The pressure shut-off valve is used for the pressure-dependent shut-off of the delivery flow of the low-pressure circuit. As soon as the shut-off pressure set at the pressure limiting valve is reached at the consumer, the pressure limiting valve is fully opened. In this way, the fluid pressure upstream of the non-return valve drops, so that the non-return valve closes and separates the consumer from the low-pressure pump. The delivery flow of the low-pressure pump is thus switched to low-loss circulation to the tank via the fully opened pressure limiting valve. In this state, only the high-pressure pump is still supplying the consumer.

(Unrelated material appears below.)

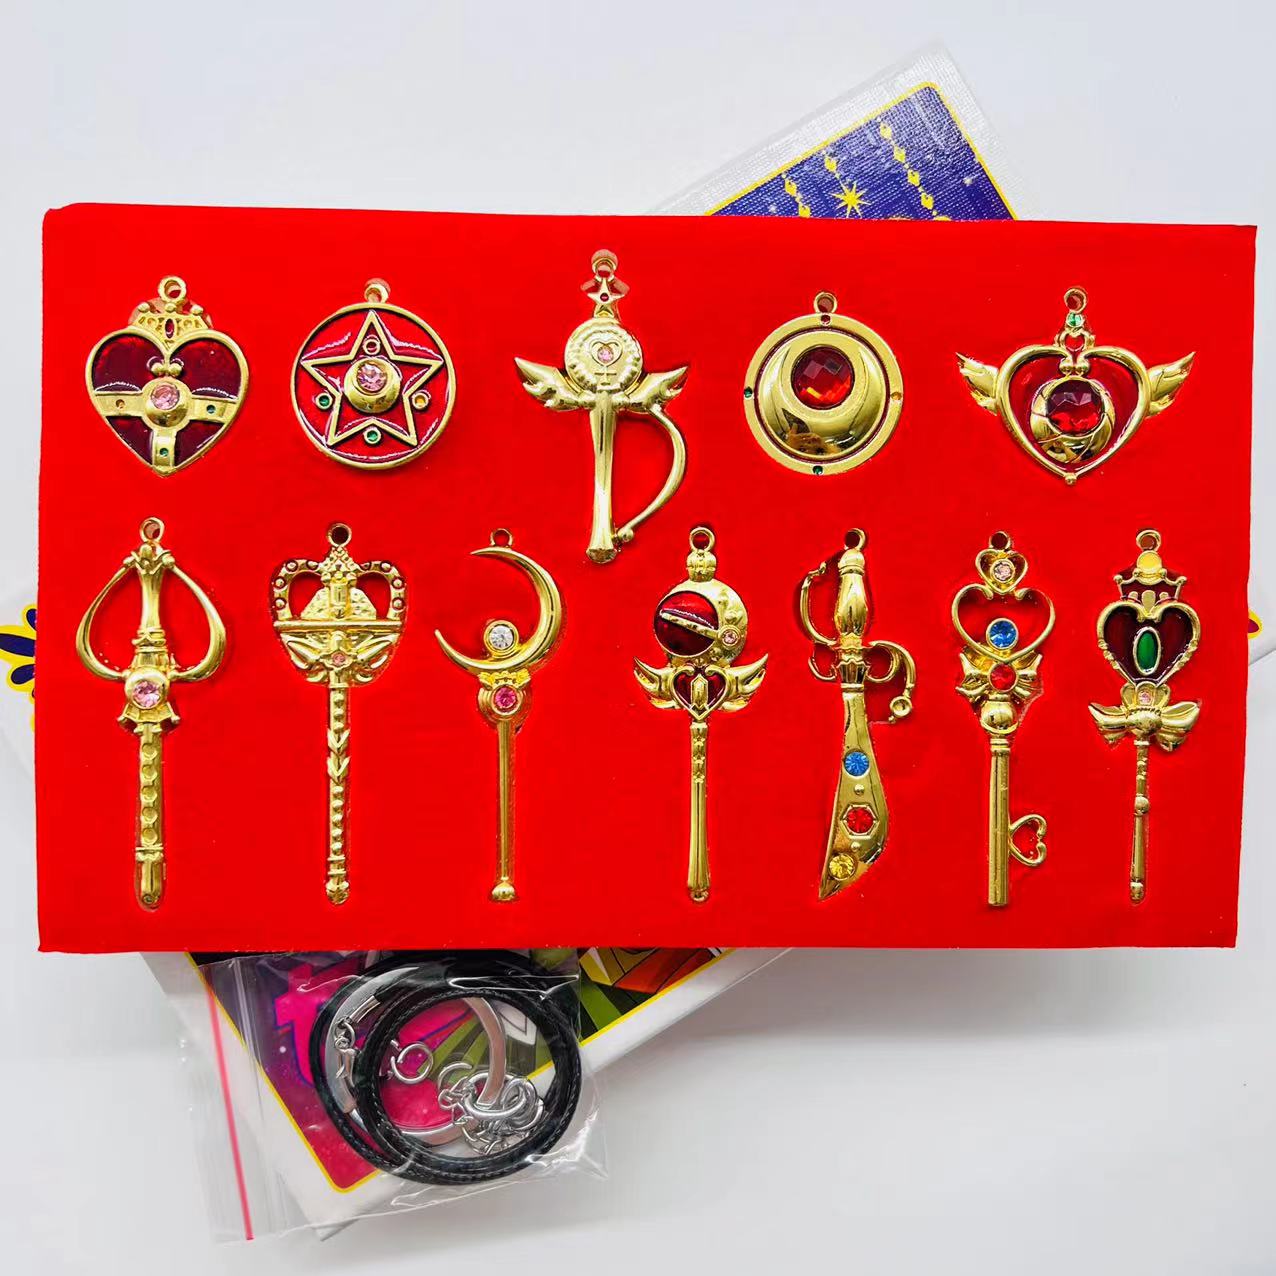 Sailor Moon Crystal anime Keychain price for a set
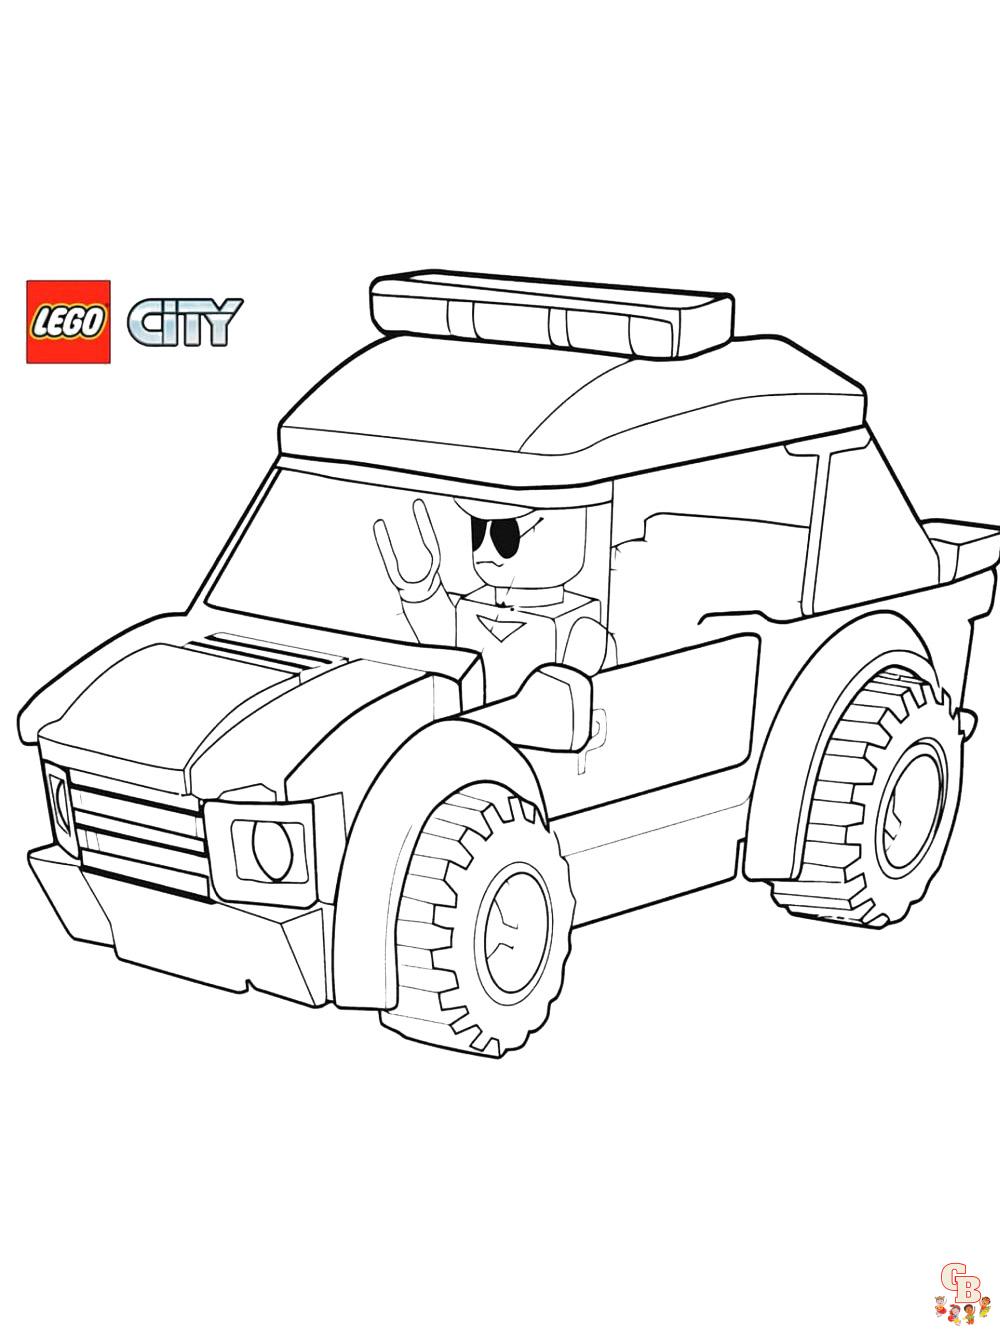 Страницы для раскрашивания Лего Сити

If the consumer pressure again sinks below a set shut-off pressure, the low-pressure delivery flow is again connected to the consumer.
A constant demand on the part of the users of such pressure shut-off valves is for the valves to be produced in a more compact form and more economically, designed to function reliably.
In addition to the above-mentioned general pressure shut-off valves, specialized valve devices are also used in hydraulics, which are intended for the controlled loading and, if necessary, reloading of storage-capable hydraulic systems, in particular hydraulic accumulators or accumulators. In such arrangements, usually only a pressure circuit or a pump is used. When a desired, predefinable pressure is reached in the accumulator, a pressure limiting valve switches the pump volume flow rate to low-loss circulation, while a non-return valve ensures that the pressure in the storage-capable hydraulic system is maintained. Characteristic of such valve arrangements, which are also referred to as accumulator charging valves, is the behavior in the case of dropping pressure in the storage-capable hydraulic system. If the accumulator pressure drops as a result of a temperature change, a leakage, or as a result of conventional consumption, the valve device ensures that the pressure limiting valve does not close again immediately, thus initiating the reloading process. Instead the closing of the pressure limiting valve occurs only when a predefinable limit pressure is not reached. Due to this measure, the storage-capable hydraulic system is reloaded less often. The known accumulator charging valves require a very large installation space, however.